More recent insights have occurred in other types of familial cancers due to genome-wide analyses. For example, complete sequencing of protein-coding genes in patients with familial pancreatic cancer has identified PALB2 as a susceptibility gene [168]. In malignant melanoma, approximately 3-15% of all cases are familial [169]. Melanoma kindreds demonstrated genetic linkage to chromosome 1p as well as 9p12-22, [170-172] suggesting genetic heterogeneity. Candidate gene surveys identified the gatekeeper gene CDKN2A, which encodes the cell cycle and cyclin-dependent kinase inhibitor p16, as a likely candidate for the melanoma predisposing gene in most 9p21-linked families [172]. Exome (168 samples) and whole-genome (16 samples) sequencing of familial melanoma cases by Robles-Espinoza et al. suggested that loss-of-function variants in the Protection of Telomeres 1 gene (POT1) predispose to melanoma formation via a direct effect on telomeres [173]. Additionally, pleuropulmonary blastoma, a rare pediatric lung cancer of embryonal origin, has been associated with germline DICER1 mutations [174].

Importantly, the recent genomic analyses on childhood tumors have identified a prevalence of predisposition to cancer in approximately 10-15% of all pediatric cancer cases [175-177]. The characterization of these cases has led to new recommendations regarding genetic screening of individuals at risk, and is expected to continue to evolve as new findings are uncovered by continued genomic analyses of rarer tumor subtypes and more patient numbers [178,179]. In fact, strategies for cancer surveillance and prevention have recently started to be developed and are currently being incorporated into oncologic practice [180-184].

Precsion medicine of pediatric and adult cancer

It is increasingly being ascertained that each tumor comprises its own set of mutational changes - both genetic and somatic. Understanding these changes provides opportune windows for more effective and personalized treatments tailored to mutational profiles of each cancer patient. The Precision Medicine Initiative defines precision medicine as an emerging approach for disease prevention and treatment that takes into account individuals’ variability in environment, lifestyle and genes [185,186]. In this section of the review, we summarize the application of genomics in precision medicine of adult and pediatric malignancies.
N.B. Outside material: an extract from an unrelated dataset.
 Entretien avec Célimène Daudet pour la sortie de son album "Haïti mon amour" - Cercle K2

Genomics in risk stratification and therapy selection

Elucidating the disparate spectra of genomic alterations in cancers has eased the identification of specific genomic subsets of particular tumors, which allowed the association of powerful prognostic features that are being translated into therapy reduction (for good-risk patients) or intensification (for high-risk patients). This was possibly the highest area of direct impact of recent genomic studies in childhood cancers. Examples are in medulloblastoma, where the WNT pathway subtype has been identified to have a particularly good prognosis, and therefore these patients will receive less intensive therapy in ongoing prospective clinical trials, thus potentially diminishing short- and long-term side effects of treatment [187-189]. Other risk stratification criteria based on the genomic alterations discussed in the above sections for multiple tumor types including ependymoma, glioma, among others, are expected to be refined and incorporated into future clinical trials.
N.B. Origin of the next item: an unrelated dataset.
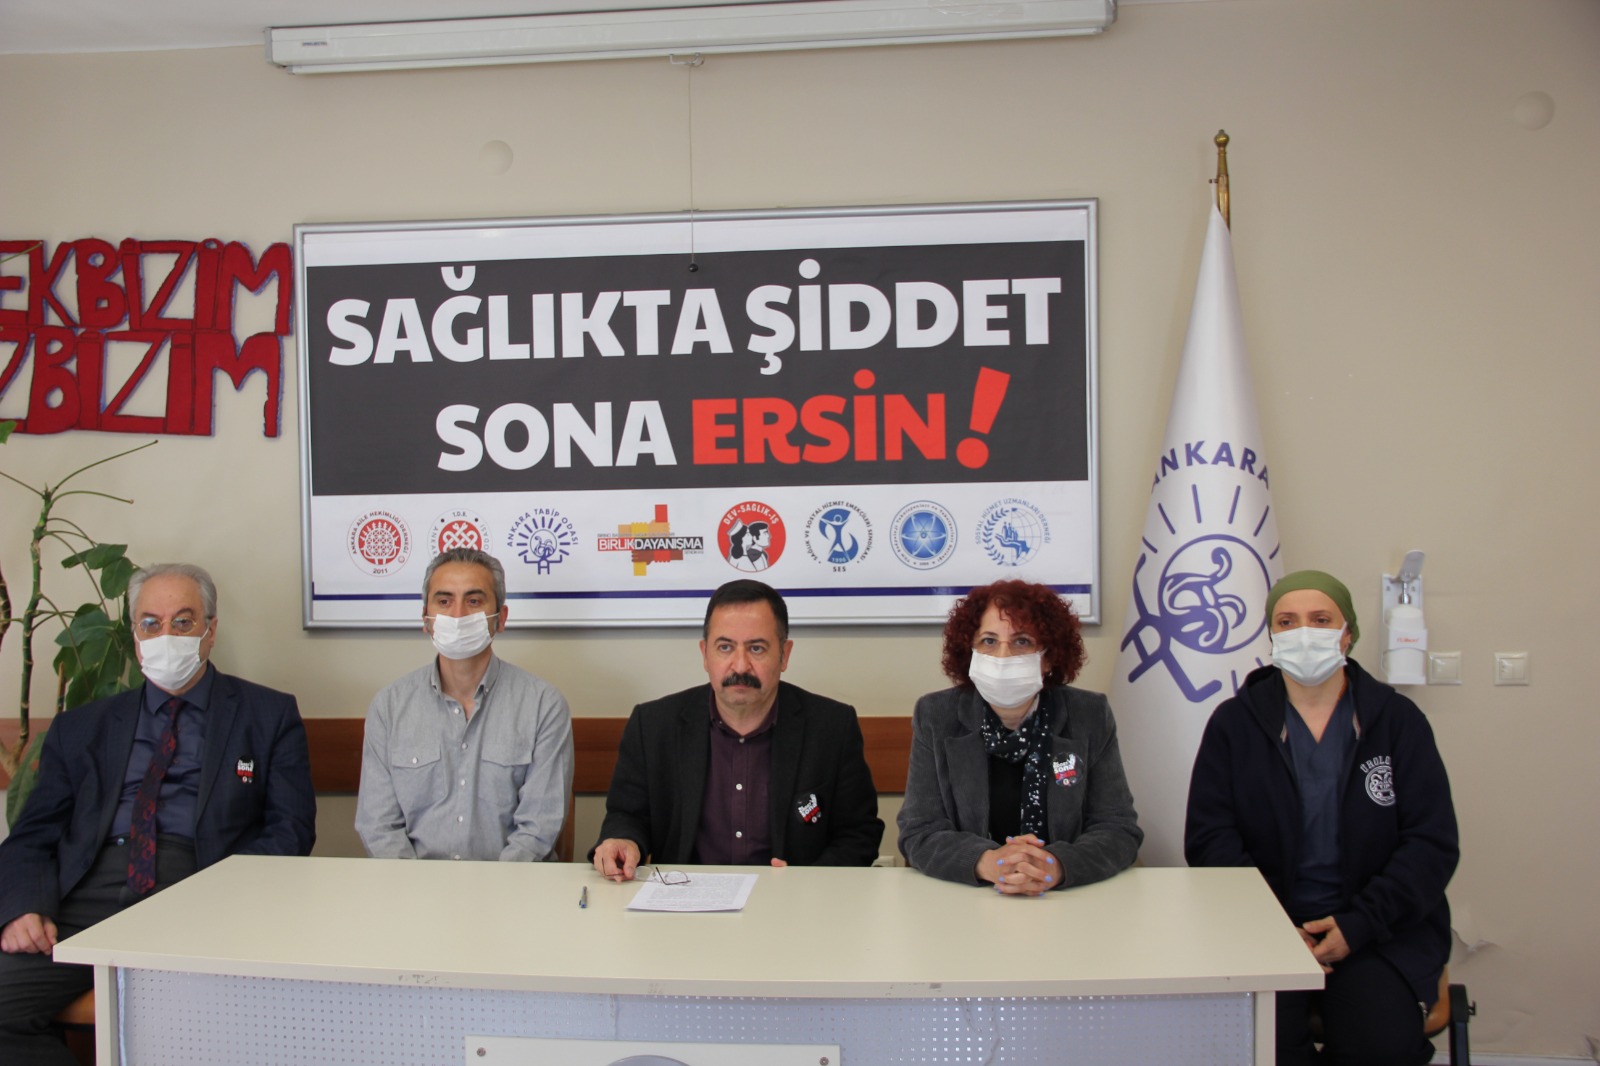 Ankara Sağlık Emek ve Meslek Örgütleri: Dr. Ersin Arslan’ın Aramızdan Ayrılışının Onuncu Yılında Sağlıkta Şiddet Nedeniyle Kaybettiğimiz Tüm Sağlık Emekçilerini Saygıyla Anıyoruz

Similarly, colorectal cancer subtypes in adults, defined by proposed etiologic pathways (MSI, CIMP, BRAF-mutation, and KRAS-mutation status), were shown to be associated with marked differences in survival. For instance, patients with MSI-high subtypes of disease had the most favorable survival, whereas those with MSS/MSI-low, CIMP-positive, BRAF-mutated, KRAS-mutation-negative had the highest mortality [190]. Furthermore, four clinically relevant molecular subtypes linked to distinct patterns of molecular alterations, disease progression and prognosis, were identified for gastric cancer. The worst prognosis was associated with the mesenchymal-like subtype which has the highest recurrence frequency (63%) among the four subtypes. Microsatellite-unstable tumors were shown to have the best overall prognosis and the lowest frequency of recurrence (22%) compared with the tumor protein 53 (TP53)-active and TP53-inactive types which include patients with intermediate prognosis and recurrence rates, with the TP53-active group showing better prognosis.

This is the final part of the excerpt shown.